For some cases two root element node as a result of a html parser.
Hi,
Currently I'm reading the specs for hobby. Sometimes libxml2 create DOM with two html root element node(when fixes the document). looks like a bug. If I read correctly, the DOM only has one root element node per document.1 2 3 4 For the HTML, it is a html element node.
This is the example. it was catched from the wild and I created minimal example.
<!DOCTYPE HTML>
<html></html>
<link href="/example/uri" rel="stylesheet" type="text/css" />
Result of xmllint: xmllint --html --debug example_src_01.html
HTML DOCUMENT
URL=example_src_01.html
standalone=true
DTD(HTML)
ELEMENT html
ELEMENT html
ELEMENT head
ELEMENT link
ATTRIBUTE href
TEXT
content=/example/uri
ATTRIBUTE rel
TEXT
content=stylesheet
ATTRIBUTE type
TEXT
content=text/css
TEXT
content=
The result shows the same indentation level for two html root elements.
The results seem to be reflected as follows:
xmllint --html example_src_01.html --xpath '/html[2]//link'
return an element.
This is another example.
<!DOCTYPE HTML>
<html></html>
example text node
Thank you!
Footnotes
EDIT: remove question
EDIT: I tested with new version in homebrew too. the bug remains.

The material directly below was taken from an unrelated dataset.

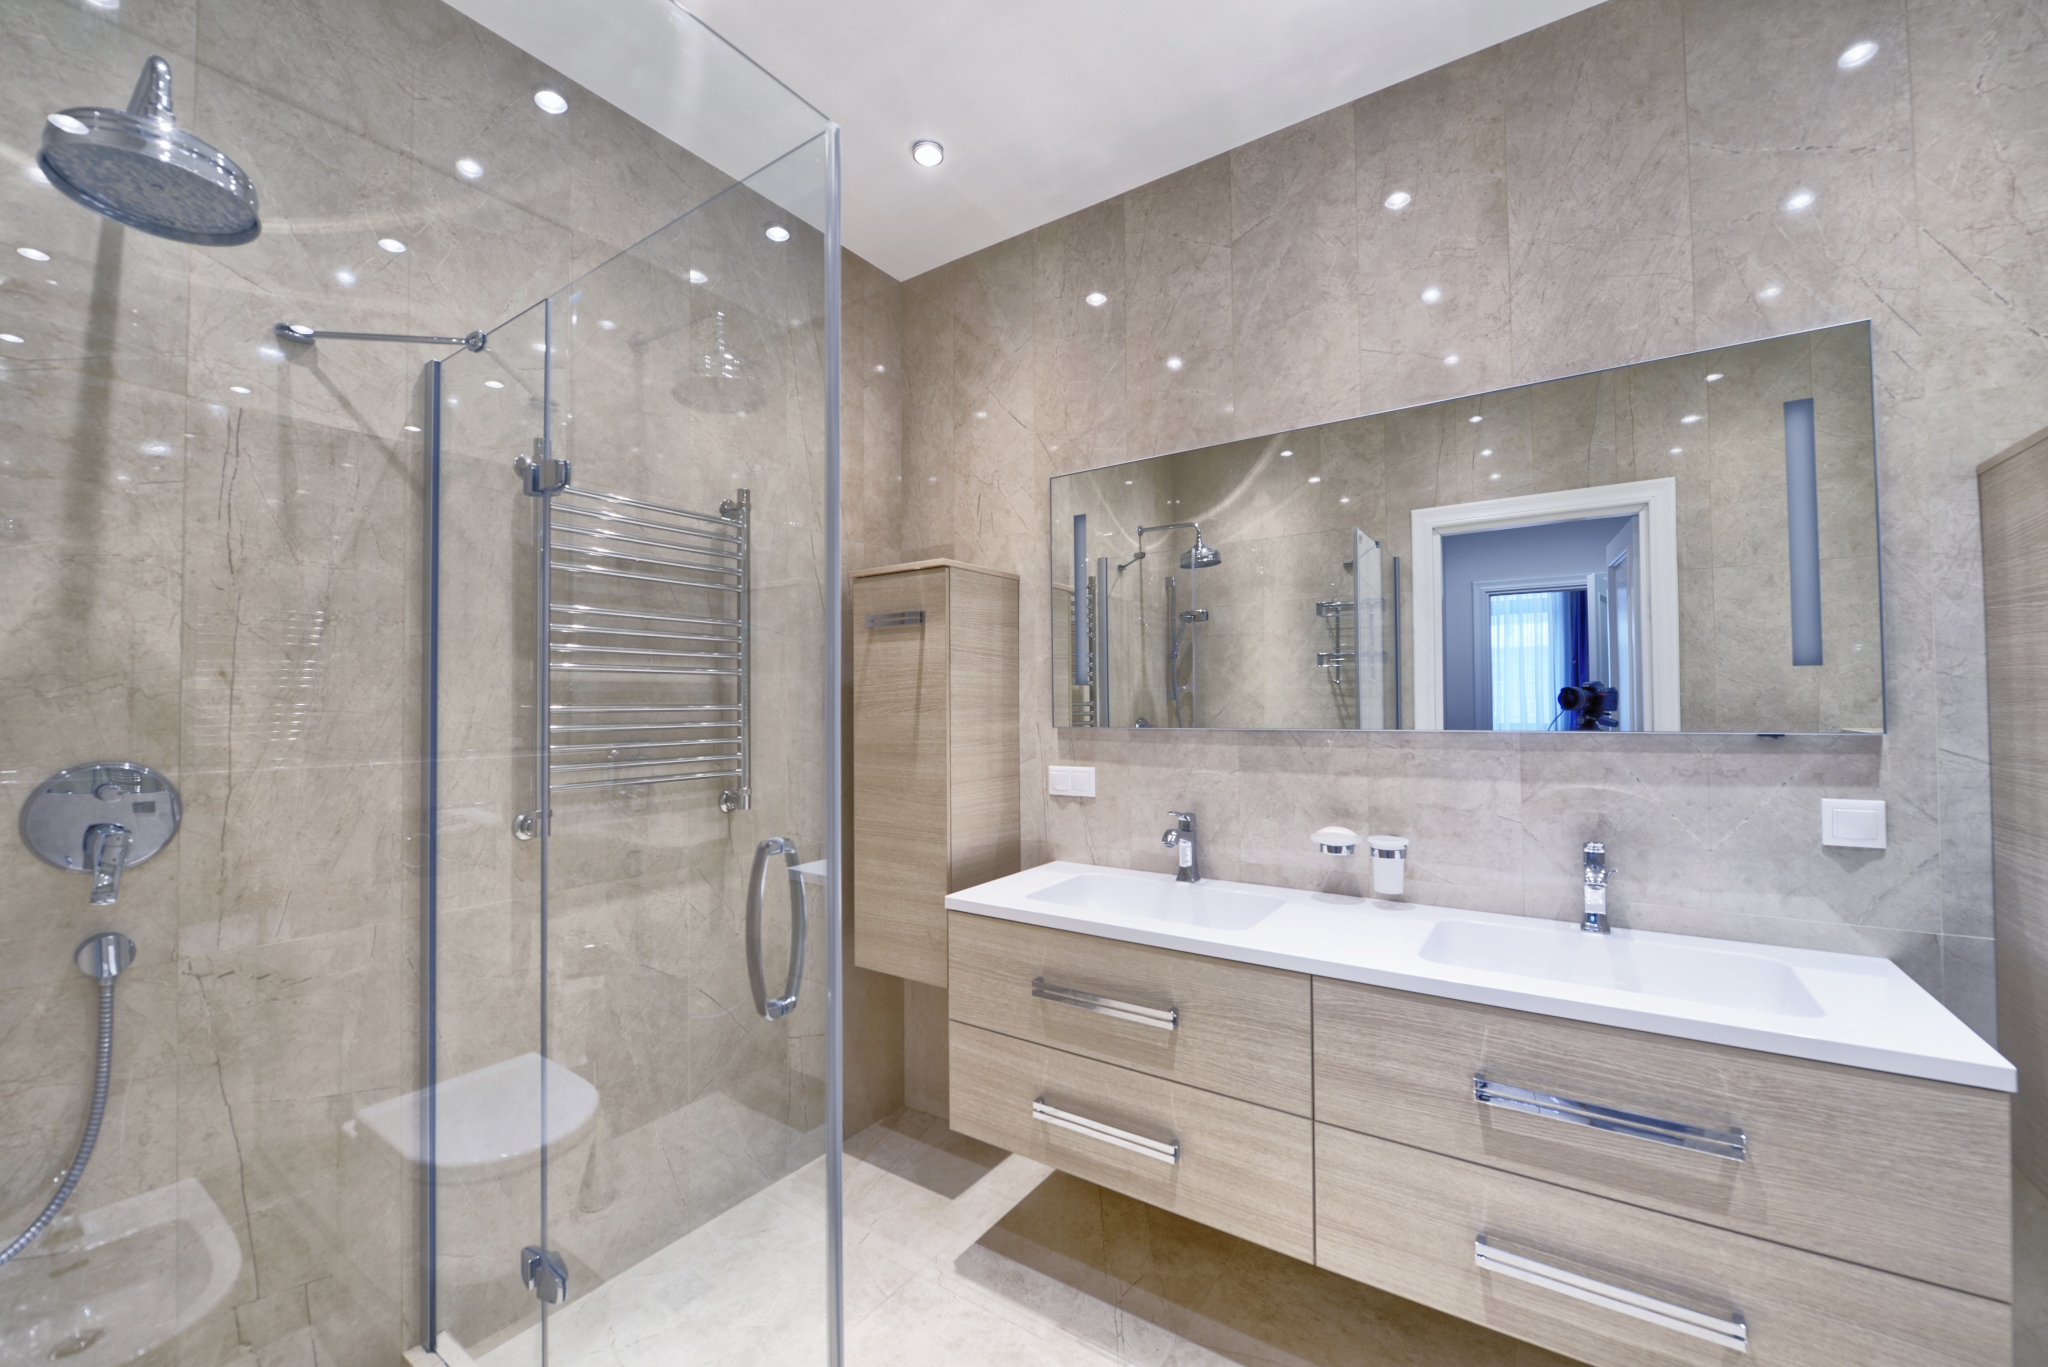 A bathroom with tan natural stone. Stone care is important when using it in hotel bathrooms.

/usr/local/opt/libxml2/bin/xmllint: using libxml version 21206
compiled with: Threads Tree Output Push Reader Patterns Writer SAXv1 HTTP DTDValid HTML C14N Catalog XPath XPointer XInclude Iconv ICU ISO8859X Unicode Regexps Automata Schemas Schematron Modules Debug Zlib
-
https://www.w3.org/TR/DOM-Level-2-Core/#core-ID-1590626202 "Each document contains zero or one doctype nodes, one root element node, and zero or more comments or processing instructions;"
↩ -
https://dom.spec.whatwg.org/#node-trees "Optionally one Element node."
↩